Vine of the wilderness, behold

A lone heartbroken wretch in me,

Who dreams in his embrace to fold

His love, as wild he clings to thee.

Thereupon the creeper transforms itself into Urwasi.

In Kalidasa's Sakuntala, too, when the pretty girls are watering the flowers in the garden, Sakuntala says: 'It is not only in obedience to our father that I thus employ myself.
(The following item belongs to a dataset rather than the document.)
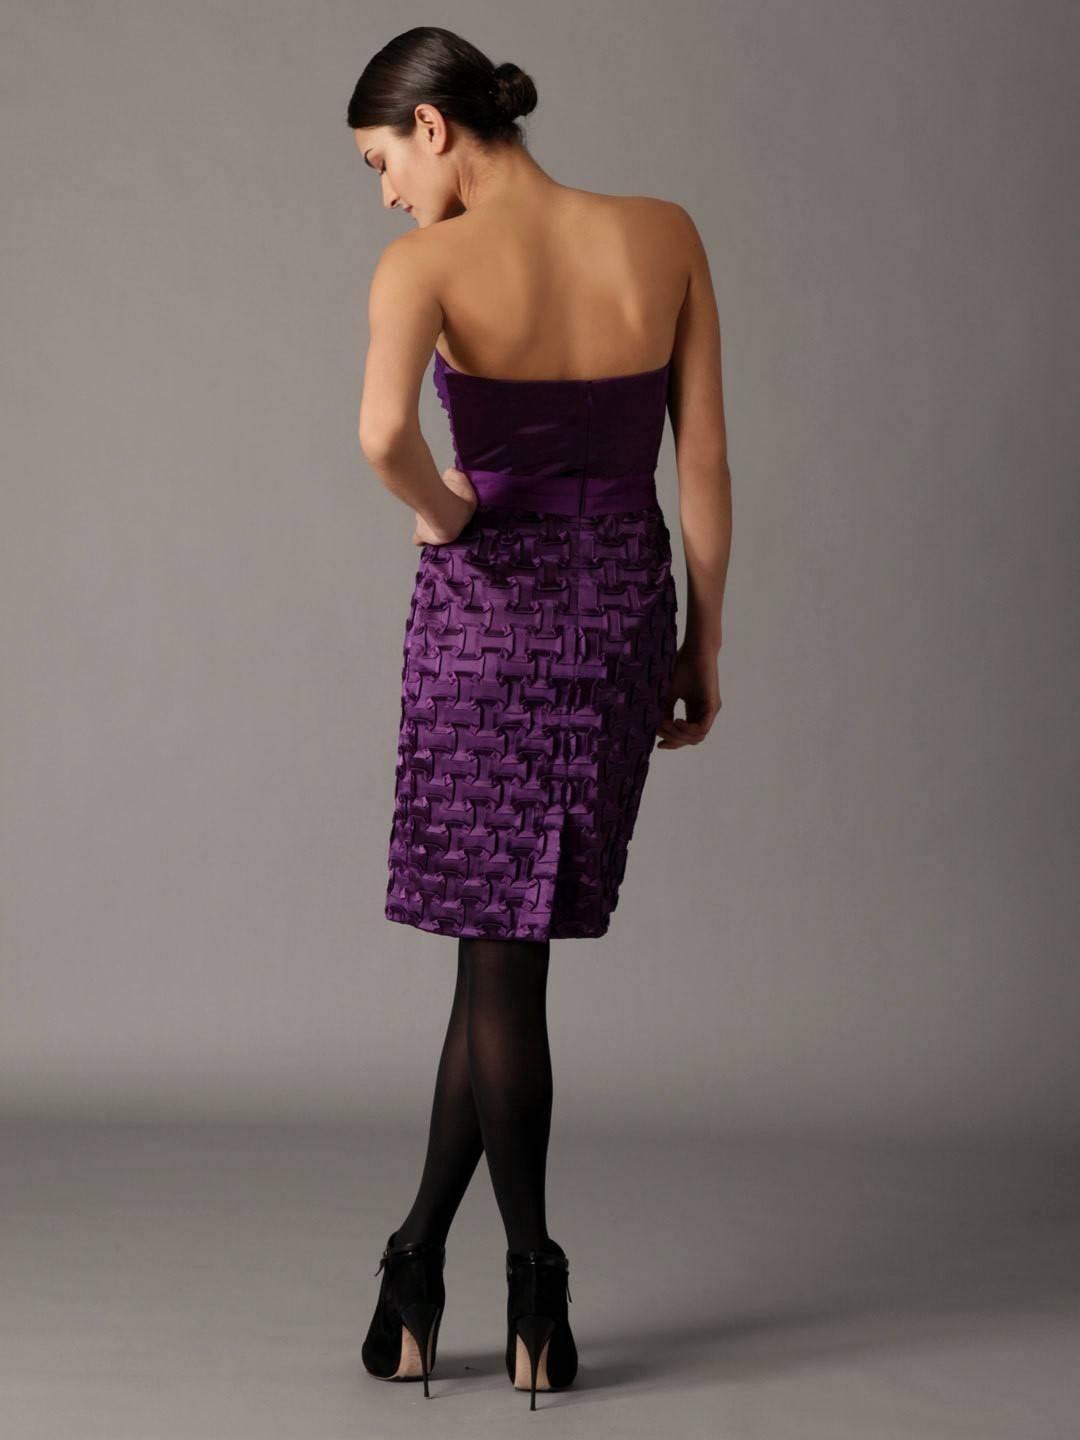 Women's New Vivienne Tam Collection Couture Cocktail Evening Dress Sz 4

I really feel the affection of a sister for these young plants.' Taking it for granted that the mango tree has the same feeling for herself, she cries: 'Yon Amra tree, my friends, points with the fingers of its leaves, which the gale gently agitates, and seems inclined to whisper some secret'; and with maiden shyness, attributing her own thoughts about love to the plants, one of her comrades says: 'See, my Sakuntala, how yon fresh Mallica which you have surnamed Vanadosini or Delight of the Grove, has chosen the sweet Amra for her bridegroom....'

'How charming is the season, when the nuptials even of plants are thus publicly celebrated!'--and elsewhere:

'Here is a plant, Sakuntala, which you have forgotten.' Sakuntala: 'Then I shall forget myself.'

Birds, clouds,[[2]] and waves are messengers of love; all Nature grieves at the separation of lovers. When Sakuntala is leaving her forest, one of her friends says: 'Mark the affliction of the forest itself when the time of your departure approaches!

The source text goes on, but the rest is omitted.